Holographic entanglement negativity and replica symmetry breaking
- URL: http://arxiv.org/abs/2101.11029v2
- Date: Mon, 7 Jun 2021 07:54:03 GMT
- Title: Holographic entanglement negativity and replica symmetry breaking
- Authors: Xi Dong and Xiao-Liang Qi and Michael Walter
- Abstract summary: We discuss the properties of the associated entanglement negativity and its R'enyi generalizations in holographic duality.
We find that R'enyi negativities are often dominated by bulk solutions that break the replica symmetry.

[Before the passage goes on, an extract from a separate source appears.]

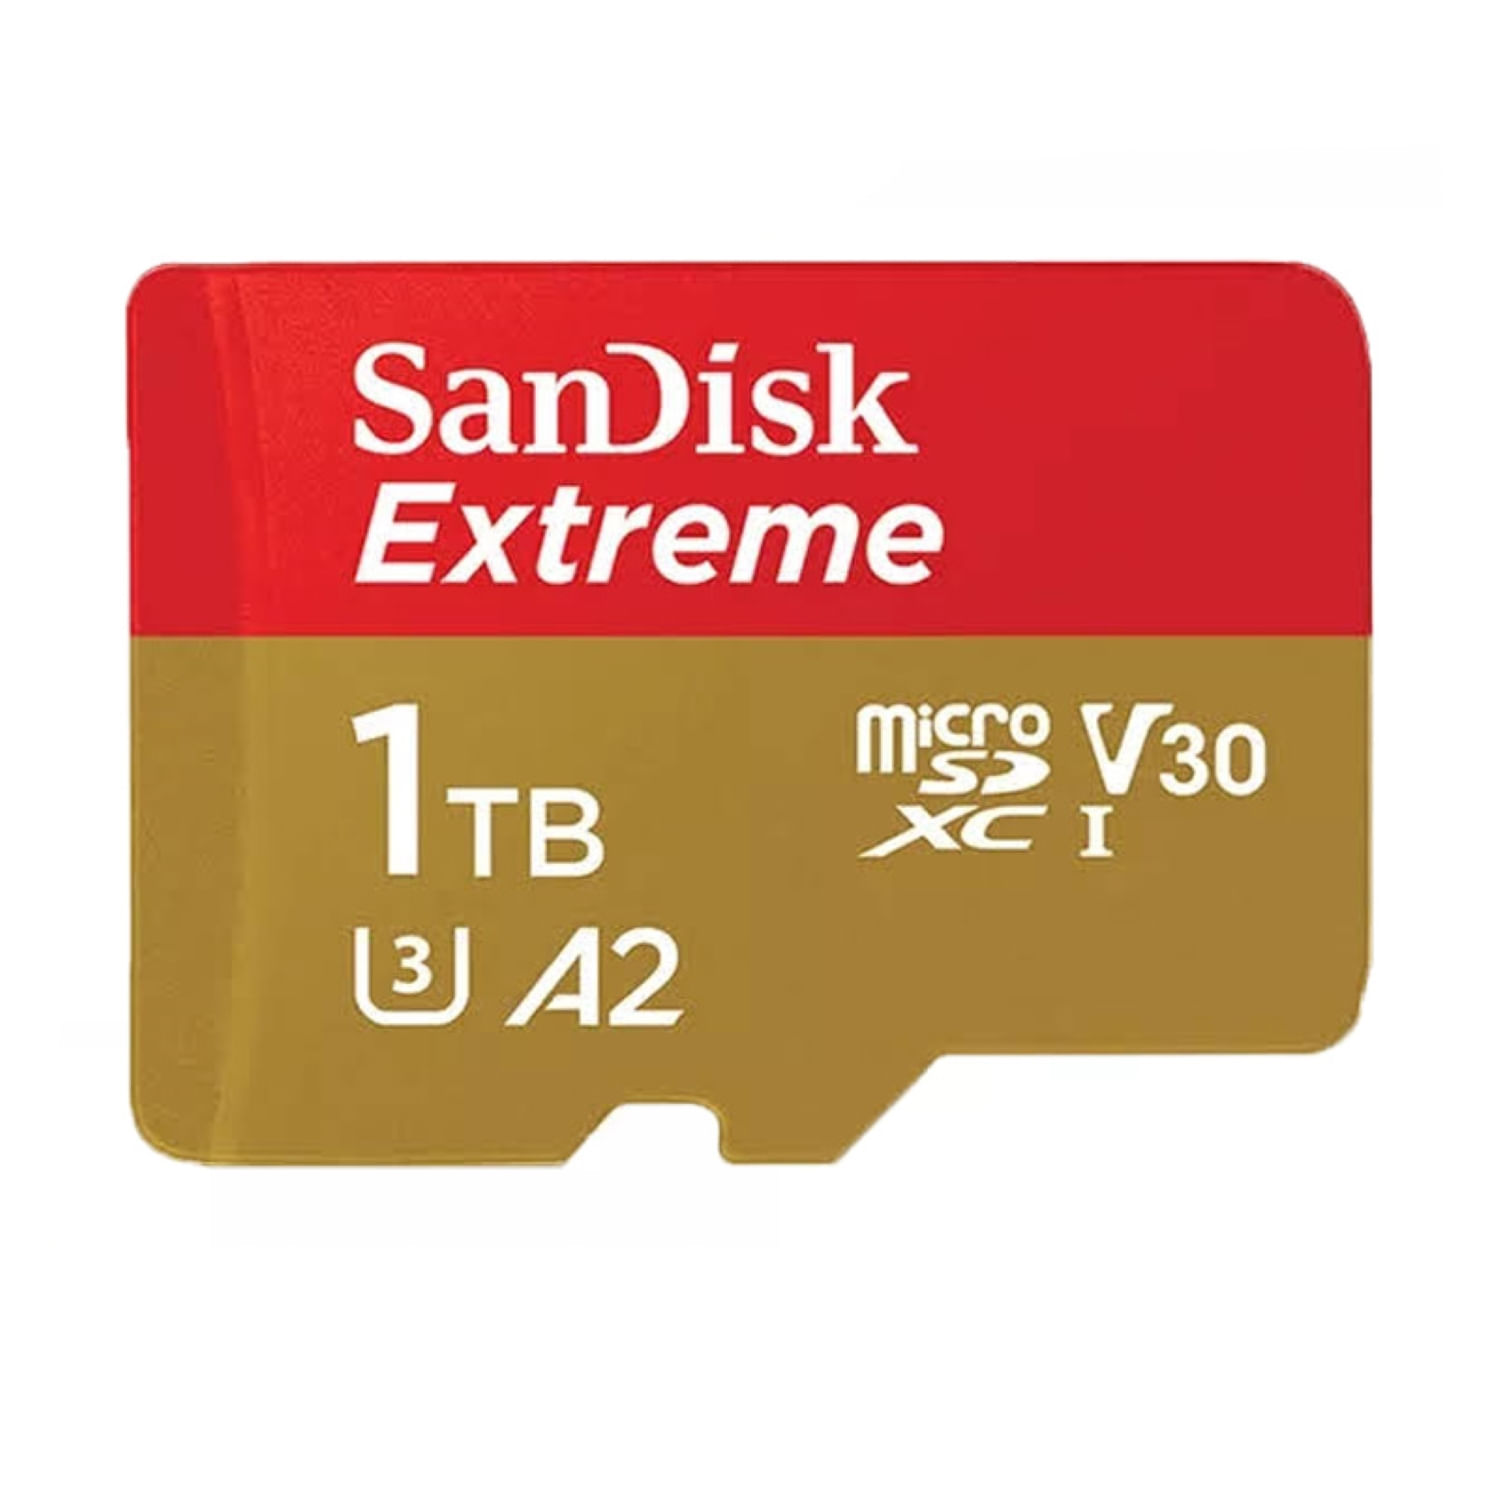 Memoria MicroSD Sandisk Extreme 1Tb UHS-I U3 A2 V30 4K

- Score: 1.3807918535446089
- License: http://arxiv.org/licenses/nonexclusive-distrib/1.0/
- Abstract: Since the work of Ryu and Takayanagi, deep connections between quantum
entanglement and spacetime geometry have been revealed. The negative
eigenvalues of the partial transpose of a bipartite density operator is a
useful diagnostic of entanglement. In this paper, we discuss the properties of
the associated entanglement negativity and its R\'enyi generalizations in
holographic duality. We first review the definition of the R\'enyi
negativities, which contain the familiar logarithmic negativity as a special
case. We then study these quantities in the random tensor network model and
rigorously derive their large bond dimension asymptotics. Finally, we study
entanglement negativity in holographic theories with a gravity dual, where we
find that R\'enyi negativities are often dominated by bulk solutions that break
the replica symmetry. From these replica symmetry breaking solutions, we derive
general expressions for R\'enyi negativities and their special limits including
the logarithmic negativity. In fixed-area states, these general expressions
simplify dramatically and agree precisely with our results in the random tensor
network model. This provides a concrete setting for further studying the
implications of replica symmetry breaking in holography.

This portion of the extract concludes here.